Prevea quarantine guide:

“It’s probably our most commonly asked question. It’s the most common reason people would message me. What do we do about the quarantine? So there’s five scenarios we walk through. When you’re supposed to start your quarantine? When does your quarantine end? And once again, who needs to quarantine and who doesn’t? I think there’s a mis-perception that ‘I live with somebody who is quarantining, that means I need to be quarantined?’ No. If you live with somebody who is isolating because they’re positive you would need to quarantine. But if you’re living with somebody who was sent home from school or sent home from work because they need to quarantine, you don’t need to quarantine.”


"Anybody who is symptomatic and gets tested should be isolating. Isolating is quarantine-plus-one. You’re staying in a part of the home, not even interacting with anybody else in your home if you live with somebody else. Nothing needs to be done with the class until we know what’s going on with the teacher. Same thing with an employer setting. The teacher needs to isolate. Obviously that’s up to the school district then if they have a substitute teacher that would be ideal. Then once we know about what happens with the teacher, then we can start that contact tracing. Was that person, depending on the grade level, able to maintain that six feet? And then we can deal with the classroom at that point forward.

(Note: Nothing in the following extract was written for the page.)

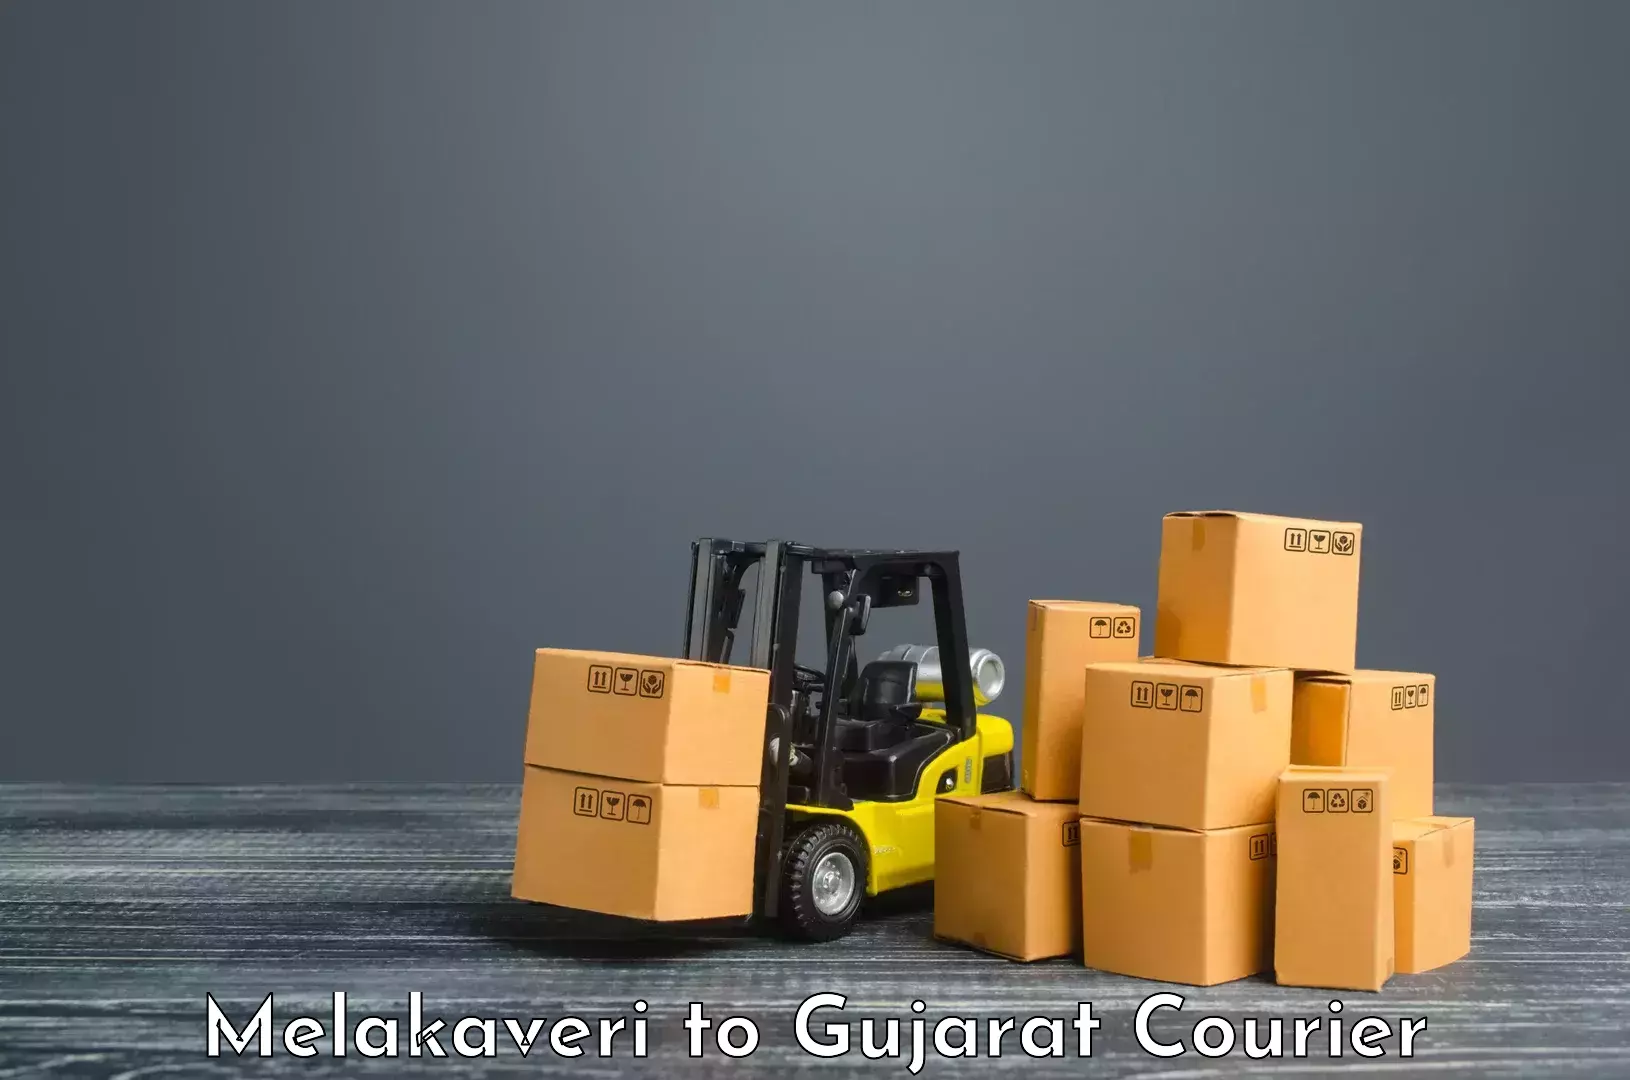 User-friendly courier app Melakaveri to Rajkot

Some hospitals and clinics have stopped testing people prior to minor procedures. Has it affected the overall positive rate?

“Definitely when you’re screening a lot of people that didn’t have any symptoms and you had a low percent positivity, I think we were at one percent, and you stop doing that, it’s going to affect the overall numbers, and the overall positivity rate is going to increase. Let’s just say that those pre-procedural things that we were doing for those minor procedures--that was our form of surveillance testing in the community. We probably need another form of surveillance testing in the community to look at it. We don’t know what that’s going to look like just yet, but it definitely has affected the numbers.”

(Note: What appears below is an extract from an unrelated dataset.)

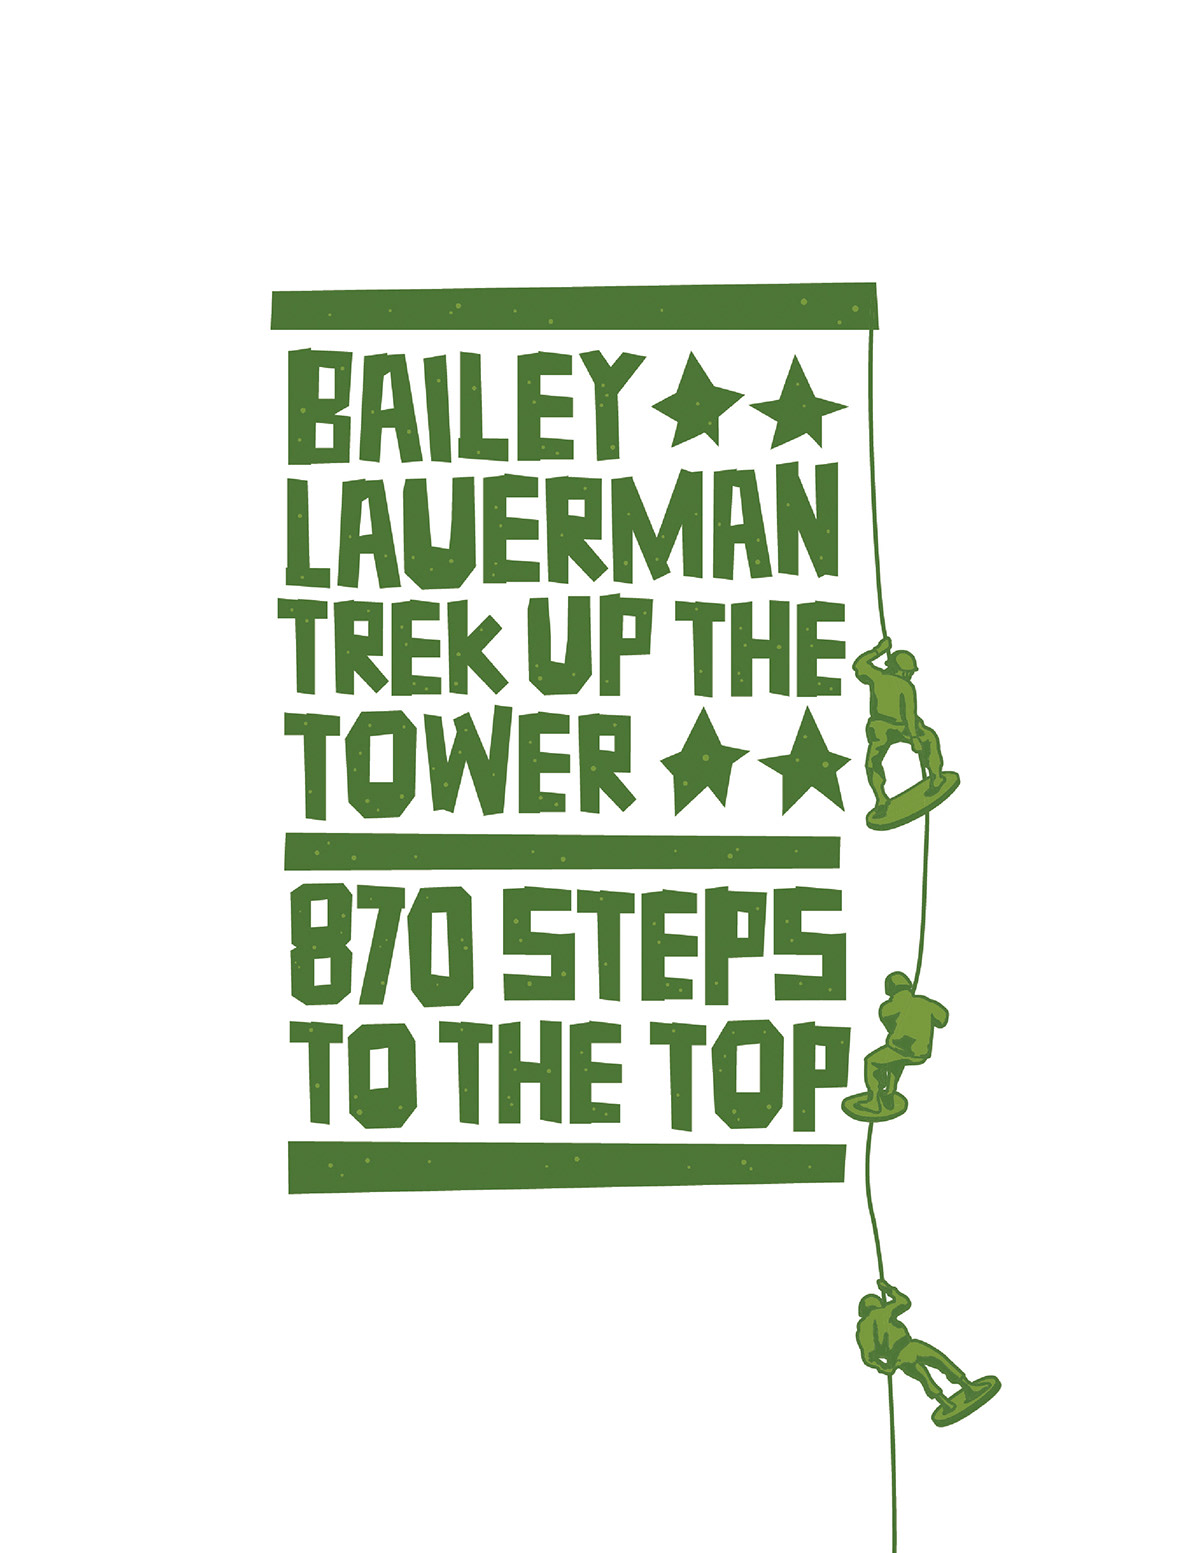 Trek tower army green steps top climb tall men War Combat challenge Wellness shirt

"Even though we saw that 20 percent positivity, to take that into context, it was one of the lowest days of total number of tests being done. That’s why we encourage people that we need to do more testing to find more of the disease to basically control it. Our trend line is going up on a percent positivity, and that’s unfortunate. Some of it has to do with spikes like that. But it’s also important not to focus on a day or even three days, but to look at this on a 14-day timeline. Our percent positivity is higher than what we need it. Those 17 percent, 20 percent spikes had a lot more to do with not testing enough people and still having a good amount of cases at the same time, that created some of the anxiety, I think.

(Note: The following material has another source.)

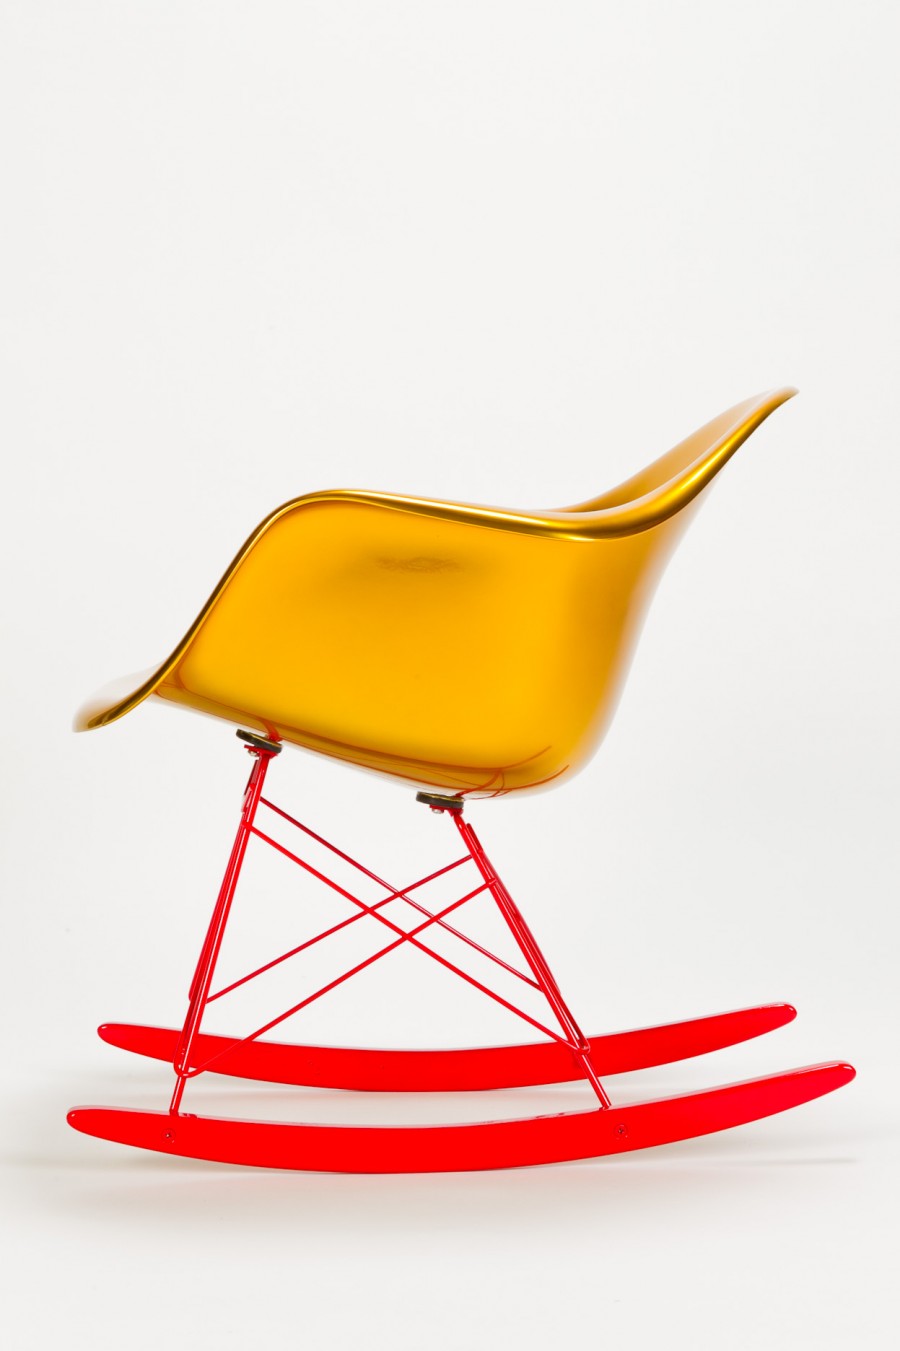 Goldener Schauckelstuhl von Charles & Ray Eames/Reha Okay

“Number one, we need to continue to educate people on when to get tested. It’s if you have any one of those myriad of CDC symptoms. And even mild symptoms such as a headache or fatigue. I think people are also getting tired. I think we all are getting tired of COVID and even talking about it all the time. And people are somewhat getting a little fatigued and maybe ignoring it. And this is the worst time to do that as we head into influenza season. So we need to make sure people are getting tested. And I don’t think people understand that even if you don’t have symptoms, there are certain cases, such as being exposed, that you should be tested.”